[[ RECORDS TO PROCESS, beginning ]]
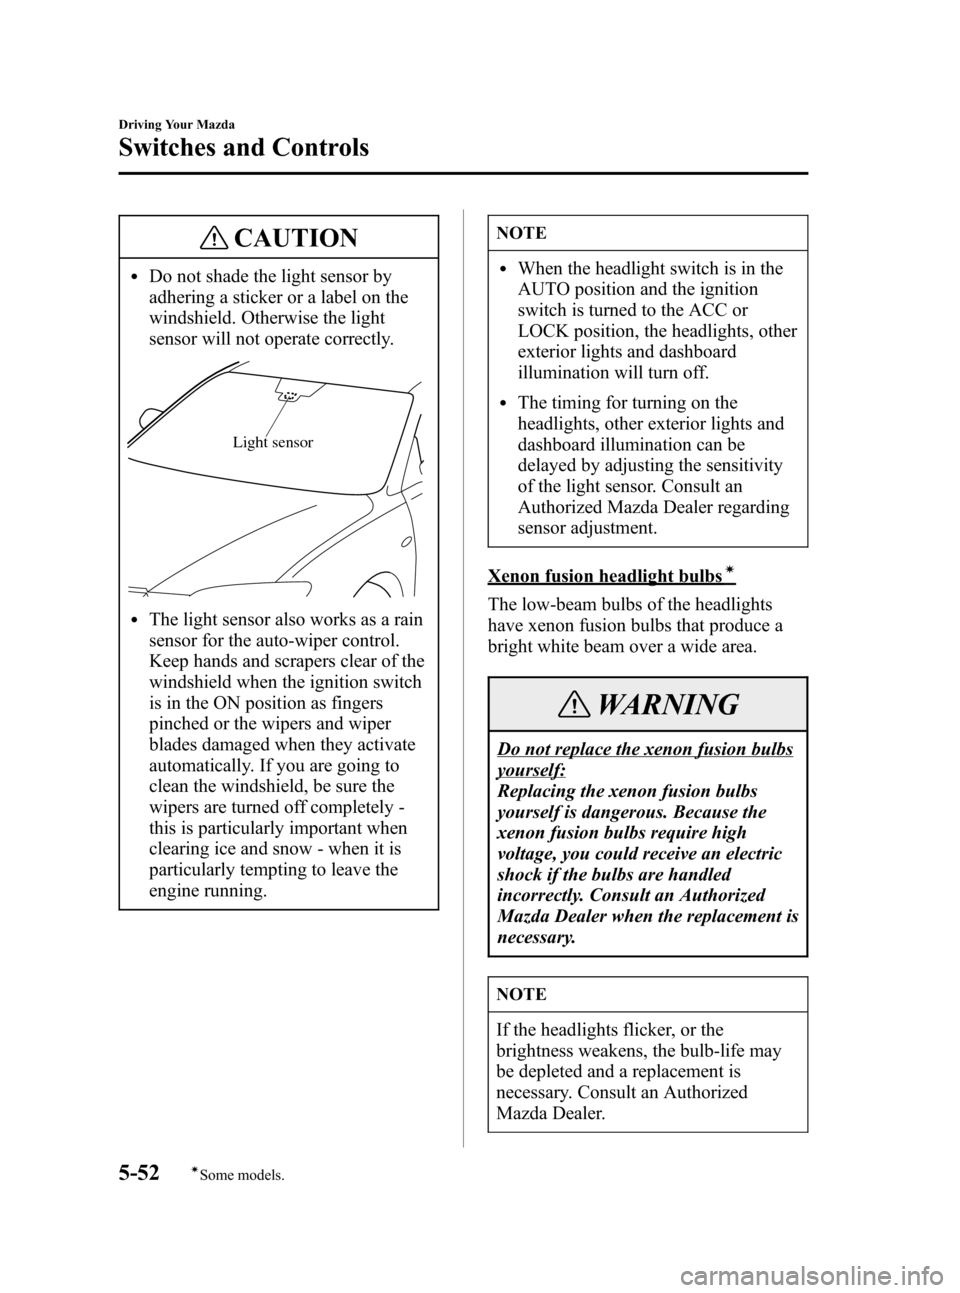 MAZDA MODEL 3 HATCHBACK 2007  Owners Manual (in English) Black plate (174,1)
CAUTION
lDo not shade the light sensor by
adhering a sticker or a label on the
windshield. Otherwise the light
sensor will not operate correctly.
Light sensor
lThe light sensor als
[[ RECORDS TO PROCESS, end ]]
* EXERCISE AIM:
Your answer must be every line from the entries that contains the string "sensor", copied as it stands.

* WRITTEN ANSWER:
lDo not shade the light sensor by
sensor will not operate correctly.
Light sensor
lThe light sensor als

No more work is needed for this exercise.